Suppose I want to factor $P(x)=5x^2 -17x +6$.
- Set $5x^2 -17x +6 = 0 $
$5x^2 -17x +6 = 0 $
$\rightarrow 5x^2 -17x = -6$
$\rightarrow x(5x-17) = -6$
$\rightarrow x(5x-17) = -6$ $= (-2)(3) = (3) (-2) = (6)(-1) = (-1)(6)...$
By trial and error, find a solution : $x = 3$ ( since $3 ( (5\times3) - 17) = -6$). That is number $3$ is one value of $x$ that brings one of the desired pairs of factors, namely , the product : $(3)(-2)$.
So, by the factor theorem $(x-3)$ must be a factor of the the original quadratic trinomial.

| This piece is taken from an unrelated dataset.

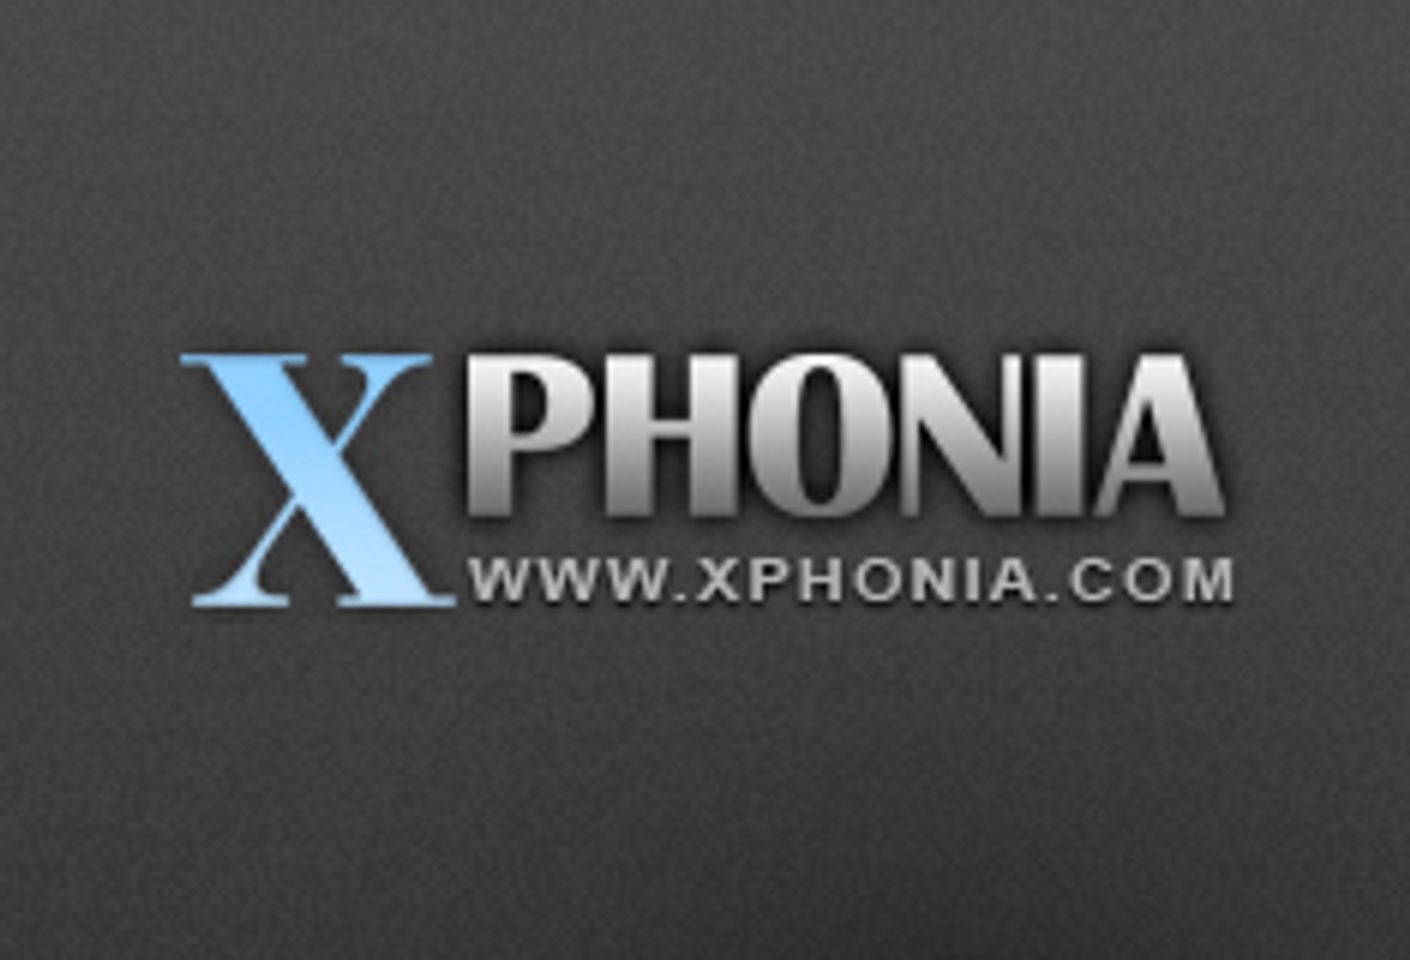 Night Mobile Launches Xphonia.com Mobile Adult Service

So $P(x)= (x-3) Q(x)$ where $Q(x)$ is a polynomial of degree $(2-1) = 1$, hence linear. That is $ Q(x) = (ax+b)$.
Find coefficients $a$ and $b$ such that : $(x-3) ( ax+b) = P(x)=5x^2 -17x +6$.
If $(x-3) ( ax+b) = 5x^2 -17x +6$
then ( by developping the LHS) $ax^2= 5x^2$ implying $a = 5$ and $(-3)b=6$, implying $b=-2$.
- Hence : $Q(x)= ( 5x -2)$ and $P(x)= (x-3) ( 5x-2)$.
Obiusvly, you can factor with zuch method only the solutions belongs to $Z$ or $Q$. In yahat case is very simple to find a possible zero by trial and error. At the contrary, if you let $P(x)=x^2-4x+2$, you can't apply your method. Also, I advise you to check the Rational Root theorem.